季節に置いてきぼりにされる感覚は、十代の頃から、私の中に静かに根づいている。
暑い、寒い、過ごしやすい。春夏秋冬の移り変わりに対して私が思うことはそのくらいだ。情緒に乏しい自覚はある。
帰宅先は、片思い相手の家だ。彼は私の高校時代の家庭教師であり、木造の古い家に住んでいる。

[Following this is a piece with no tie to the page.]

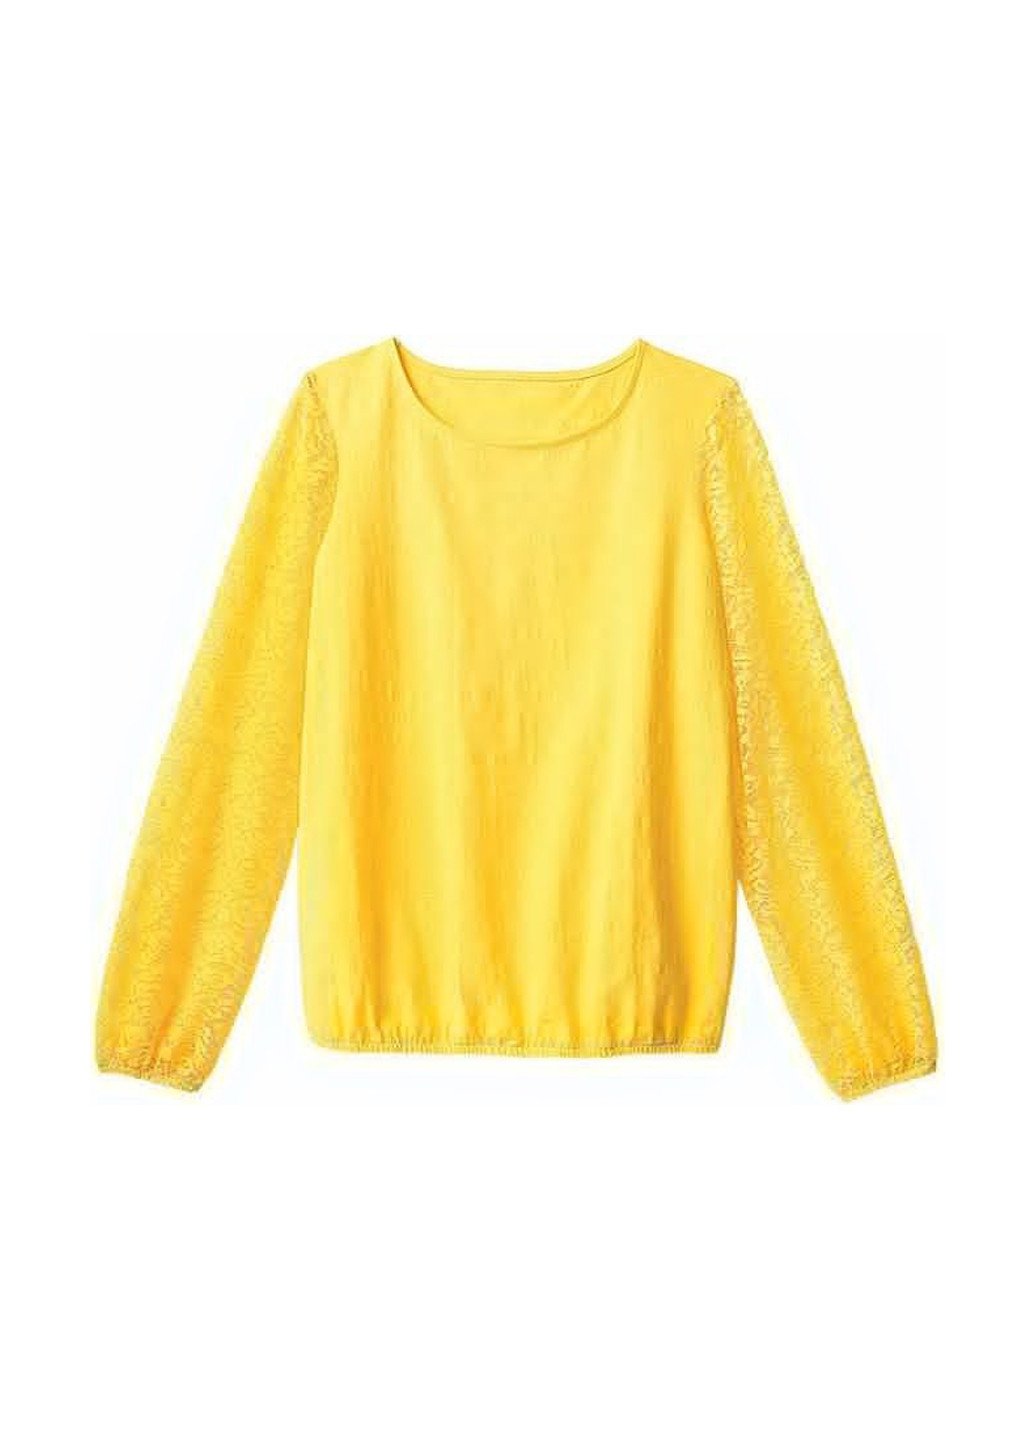 Желтая летняя блуза Avon

二年前から、私は彼と――当たり障りのない言い方をするなら〝ルームシェア〟をしている。真相は、職を失って路頭に迷った当時の私が、勝手に彼の住まいに押しかけたというだけなのだが。
「ただいま」
閑静な住宅街の、さらに入り組んだ細道の先に建つその家は、夜遊びに耽った私の気怠い心身を興味なさげに迎え入れる。
かけた声に返事はない。が、あっても怖い。
居間は無人だったから、奥側に続く台所へ向かう。ガラ、と引き戸を開けて台所を覗くと、換気扇の下で煙草を吸っていた彼と目が合った。その視線は関心がなさそうにすぐ逸れ、私はむしろそのことに安堵する。
「……ただいま、先生」
足音を殺しながら歩み寄り、背中から抱きついた。
元々の癖っ毛を寝癖で余計に拗らせた彼の髪の毛先が、弾みで微かに揺れる。柔らかそうだ。実際に柔らかいかどうかは分からない。直に触れたことがないからだ。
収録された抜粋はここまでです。